* Goal of the exercise:
The listing that follows should be copied in full and exactly, with no pictures.

* The data:
++++++++++

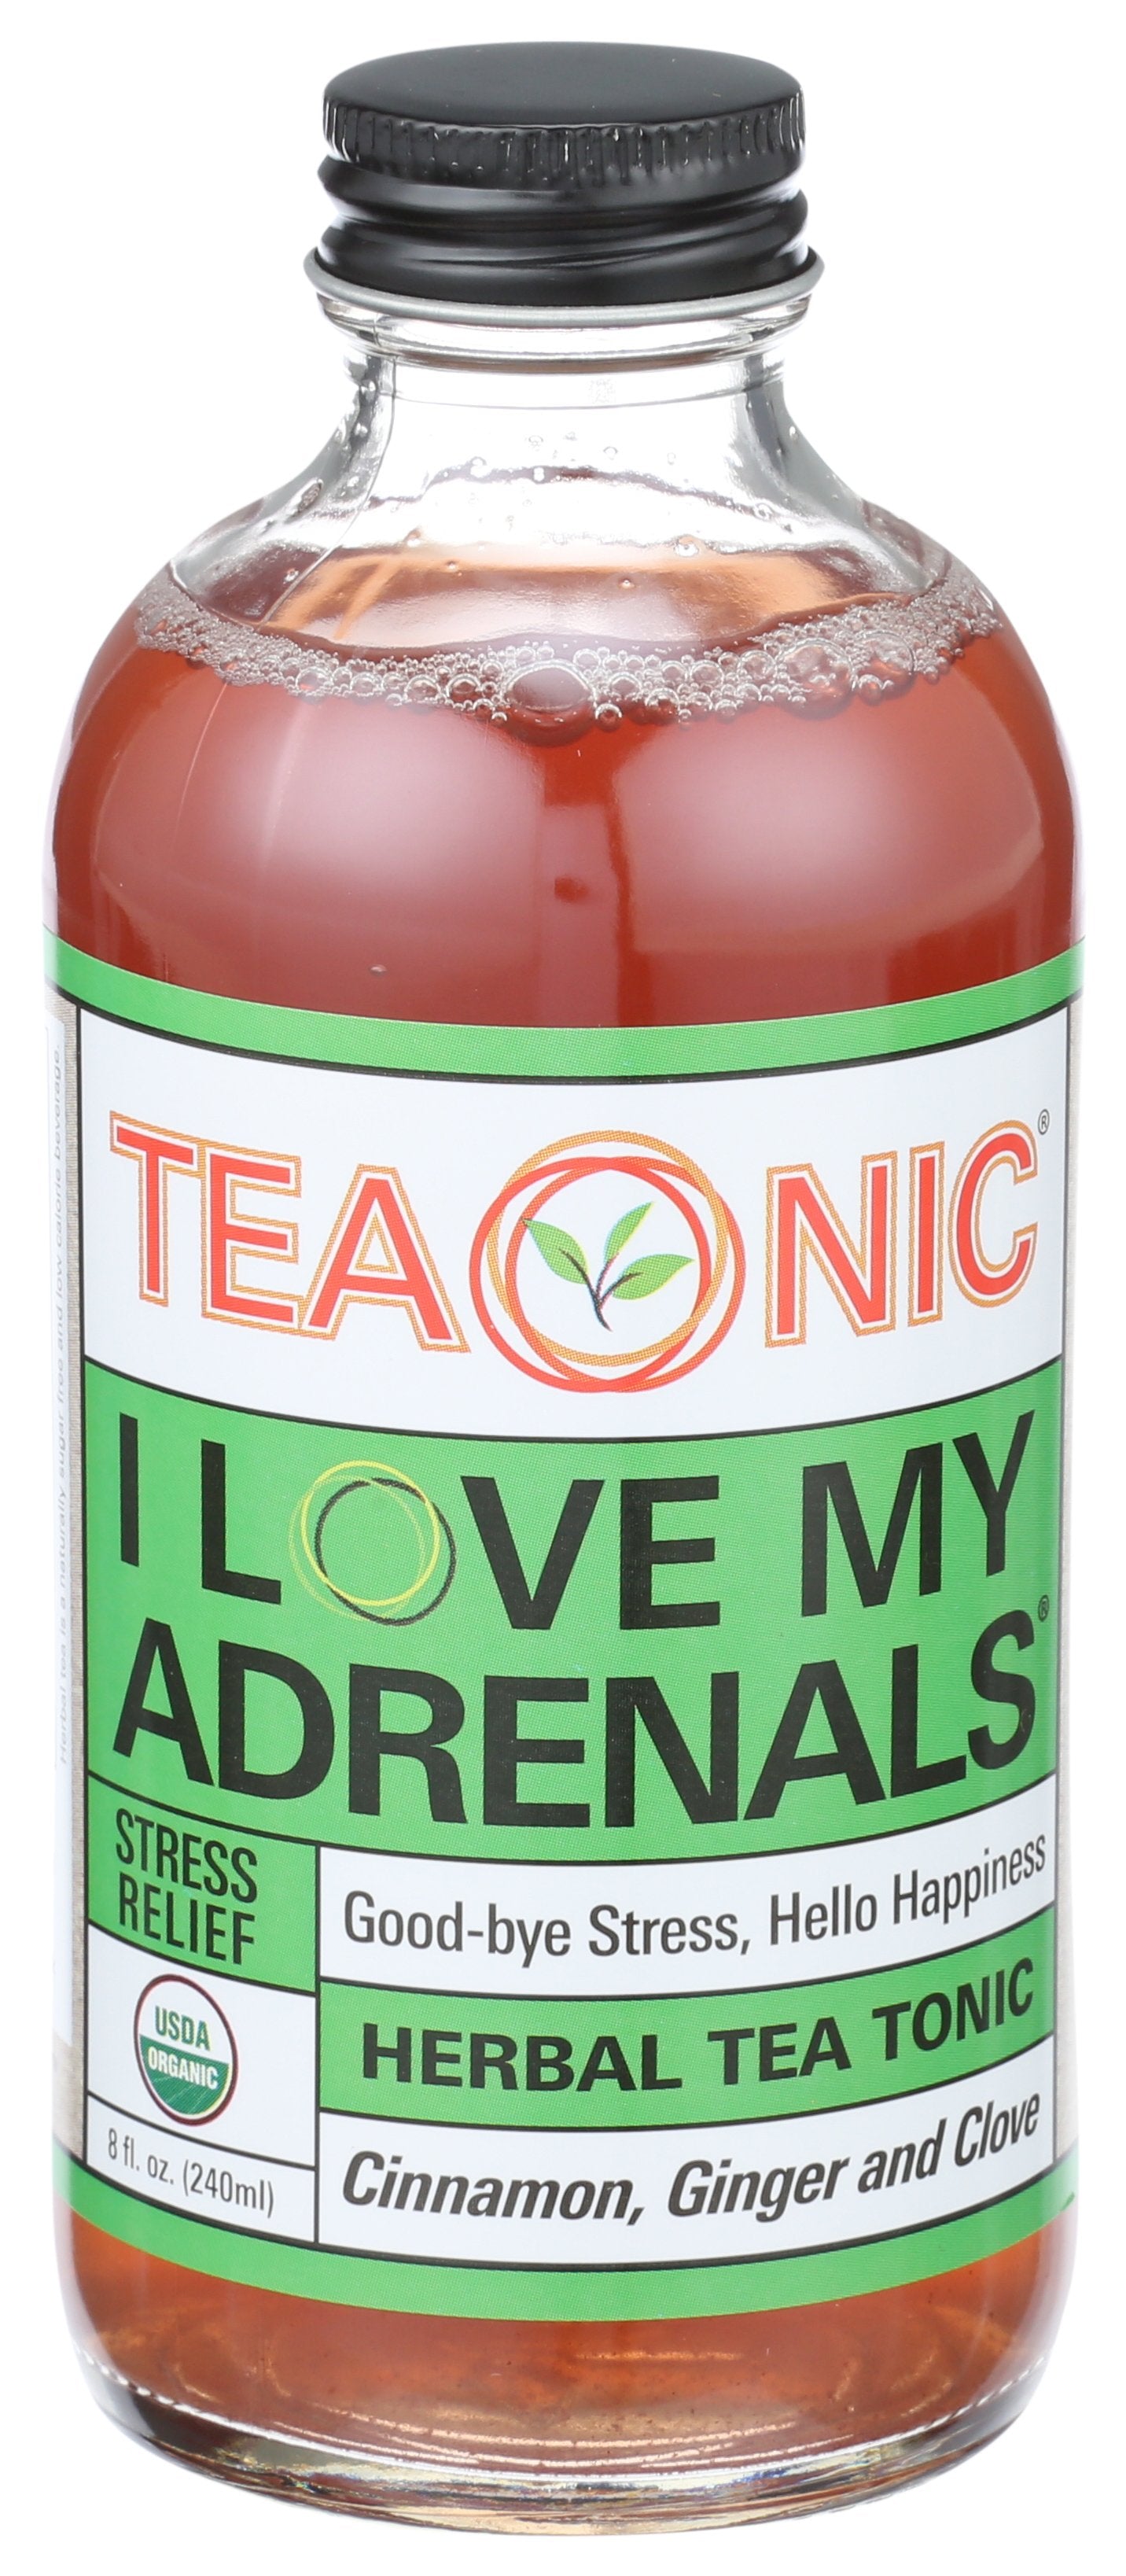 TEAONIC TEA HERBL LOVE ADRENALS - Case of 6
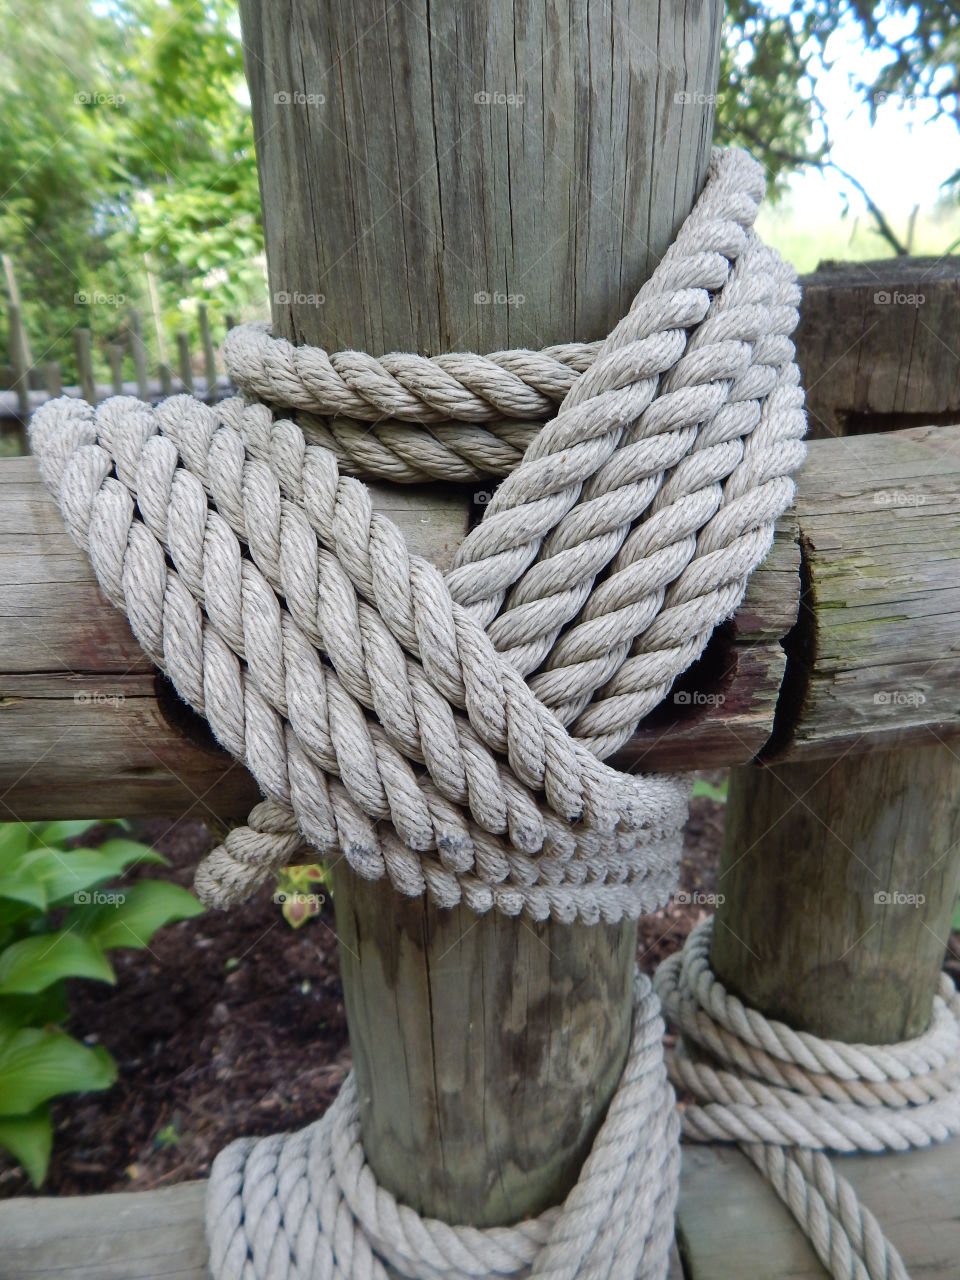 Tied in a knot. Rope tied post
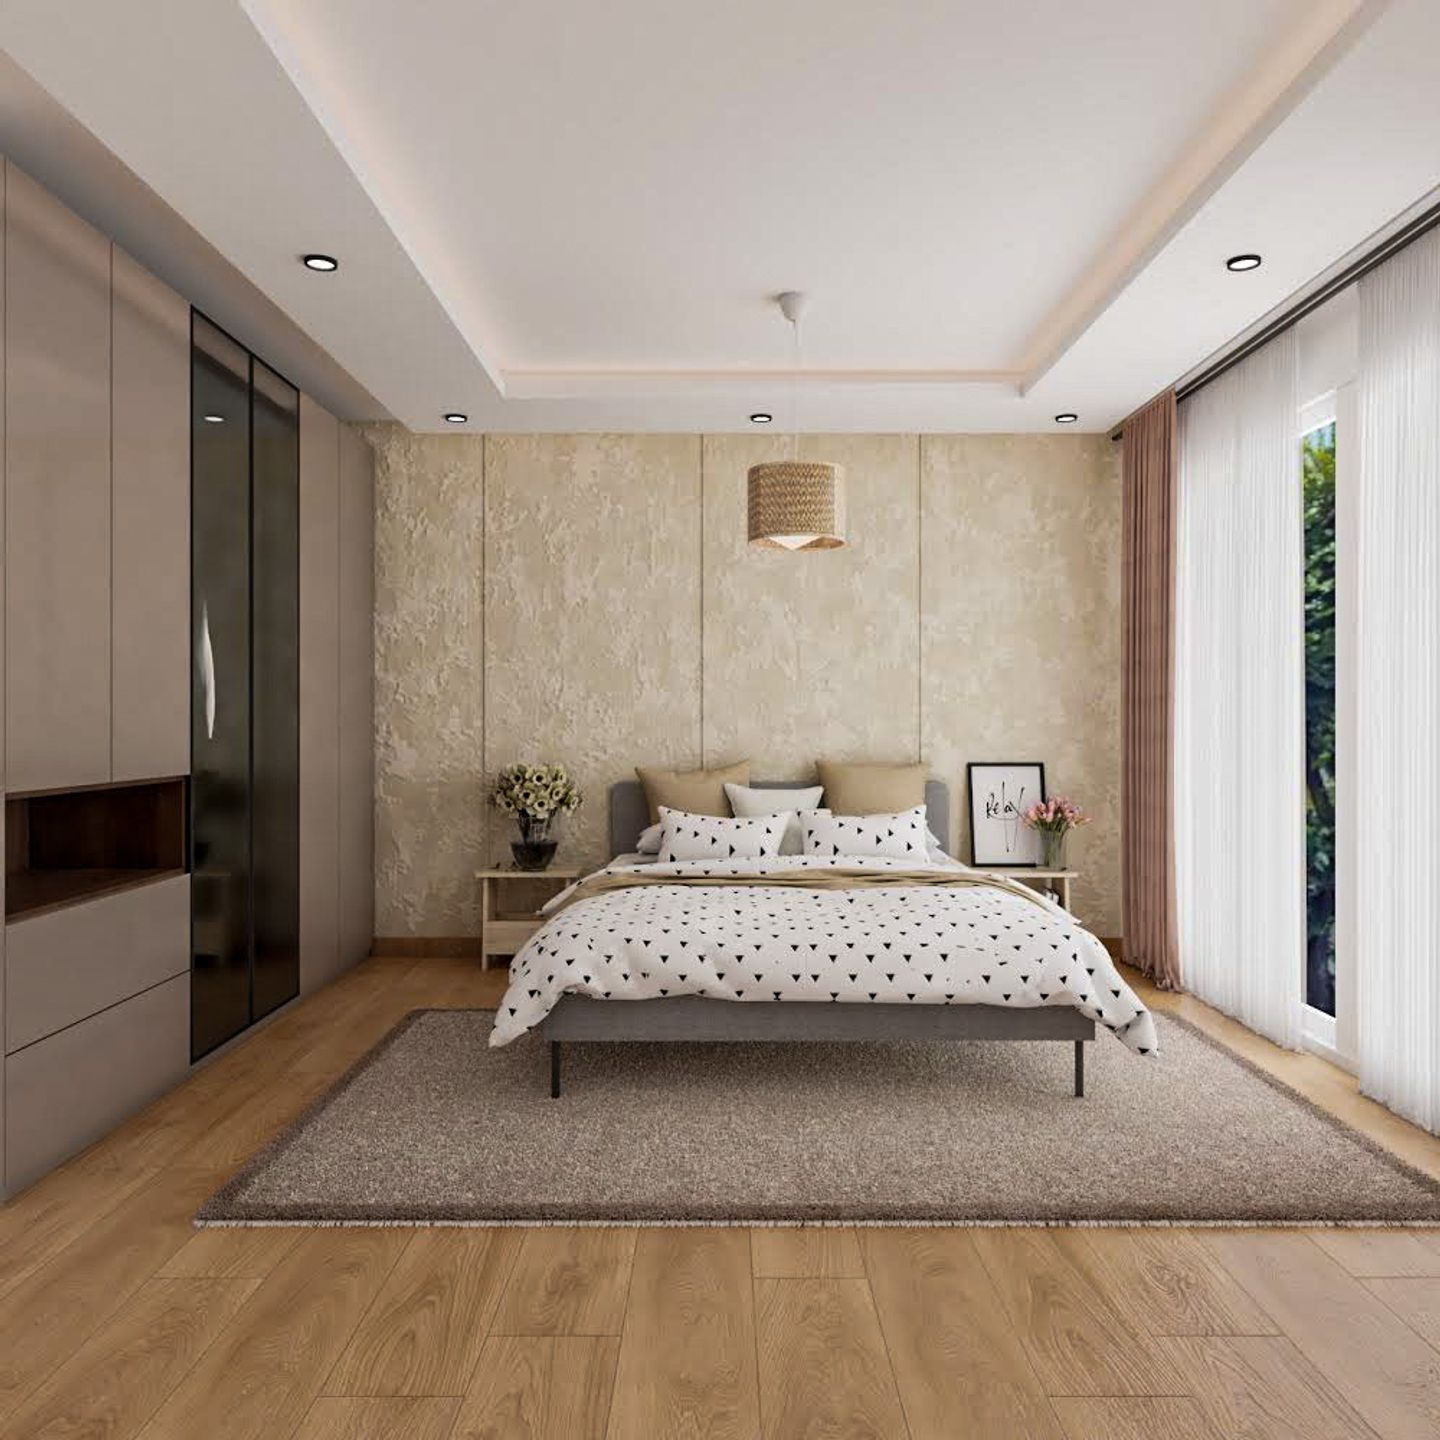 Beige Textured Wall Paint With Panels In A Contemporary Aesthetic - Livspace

++++++++++

* Solution to this problem:
 TEAONIC TEA HERBL LOVE ADRENALS - Case of 6
 Tied in a knot. Rope tied post
 Beige Textured Wall Paint With Panels In A Contemporary Aesthetic - Livspace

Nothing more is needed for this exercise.